RECORDS FOR THIS EXERCISE
◇ ◇ ◇ ◇

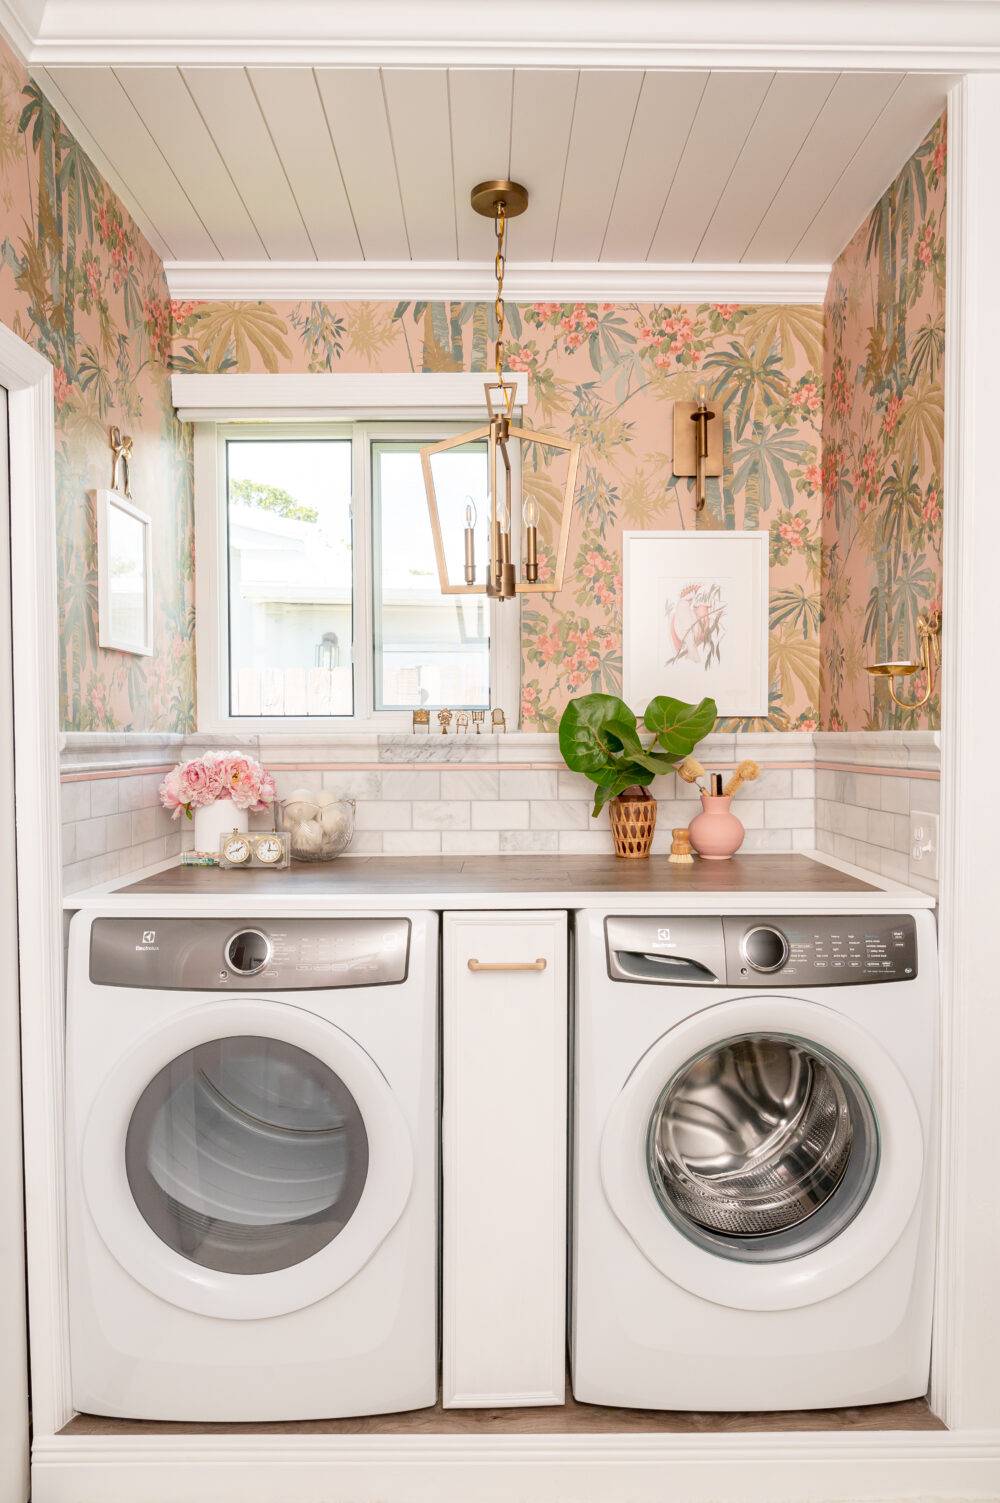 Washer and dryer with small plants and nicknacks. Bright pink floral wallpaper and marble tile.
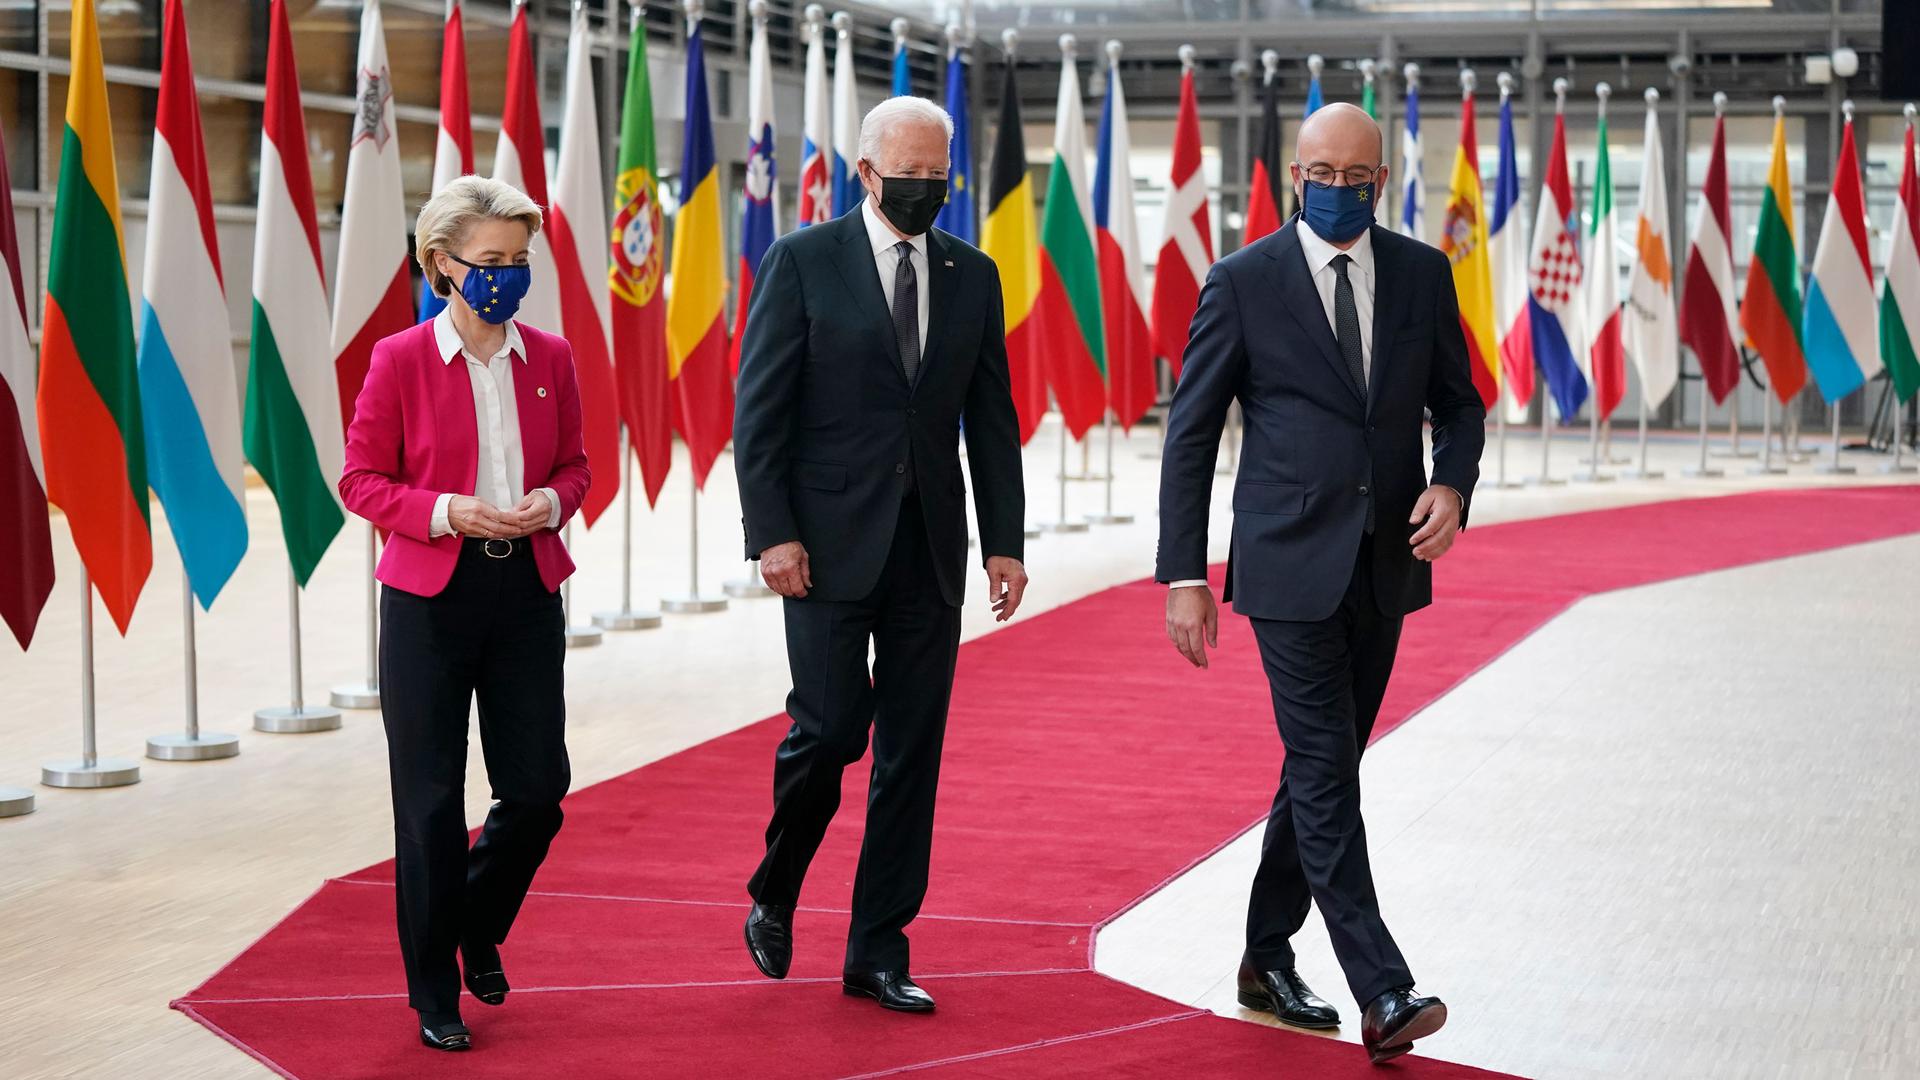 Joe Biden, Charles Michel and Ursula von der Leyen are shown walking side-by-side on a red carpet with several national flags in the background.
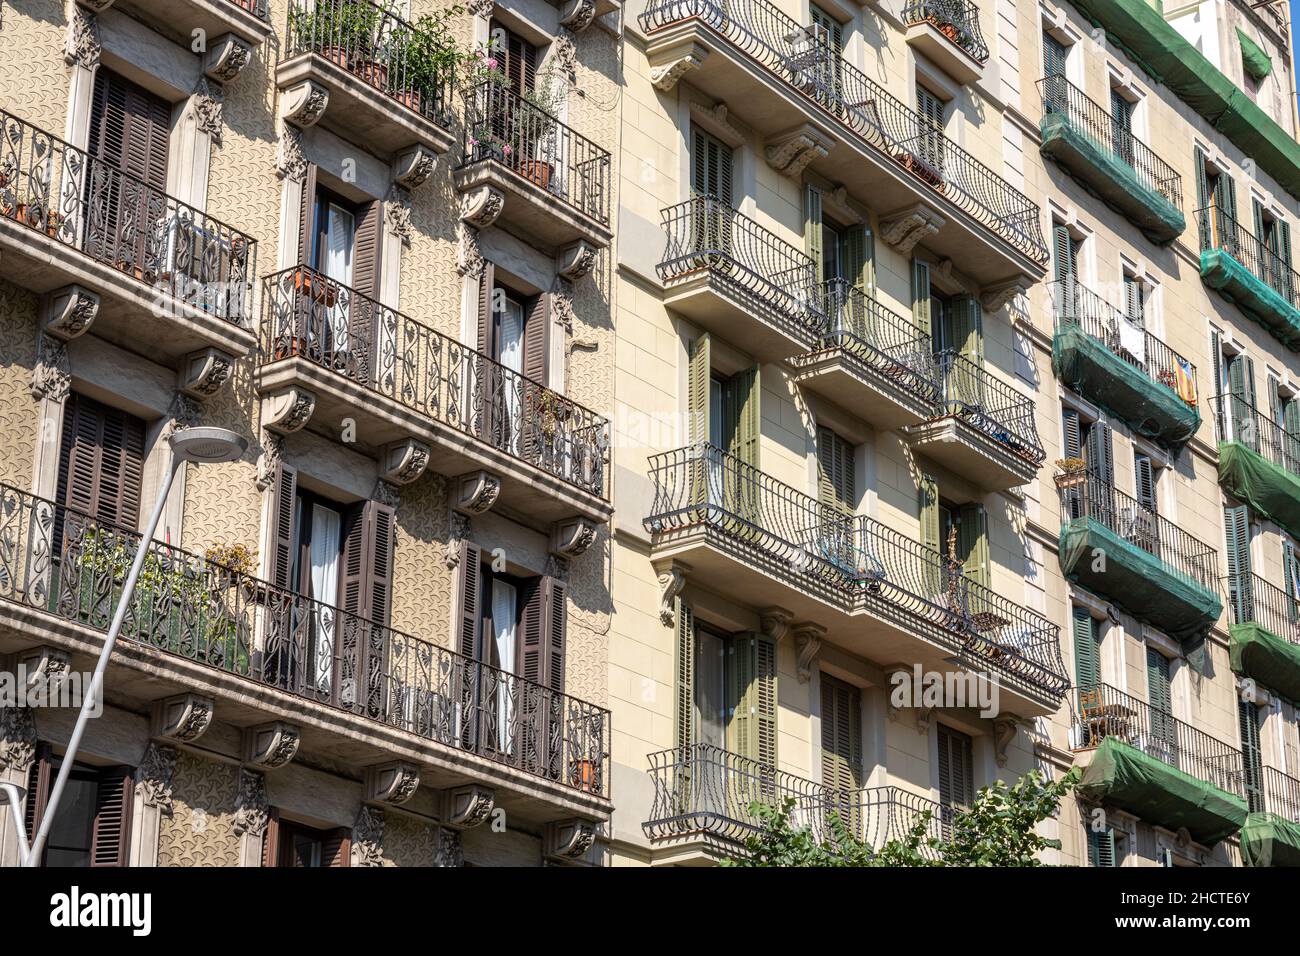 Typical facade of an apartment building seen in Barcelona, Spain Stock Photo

◇ ◇ ◇ ◇

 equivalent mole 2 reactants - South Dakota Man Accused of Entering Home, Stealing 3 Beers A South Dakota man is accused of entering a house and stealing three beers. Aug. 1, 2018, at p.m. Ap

◇ ◇ ◇ ◇

WHAT THE TASK ASKS
Above this task is a listing with pictures in it. Retype only the lines from the one containing "Washer and dryer" through the one containing "Joe Biden, Charles", both included, and not the pictures.

REPLY
 Washer and dryer with small plants and nicknacks. Bright pink floral wallpaper and marble tile.
 Joe Biden, Charles Michel and Ursula von der Leyen are shown walking side-by-side on a red carpet with several national flags in the background.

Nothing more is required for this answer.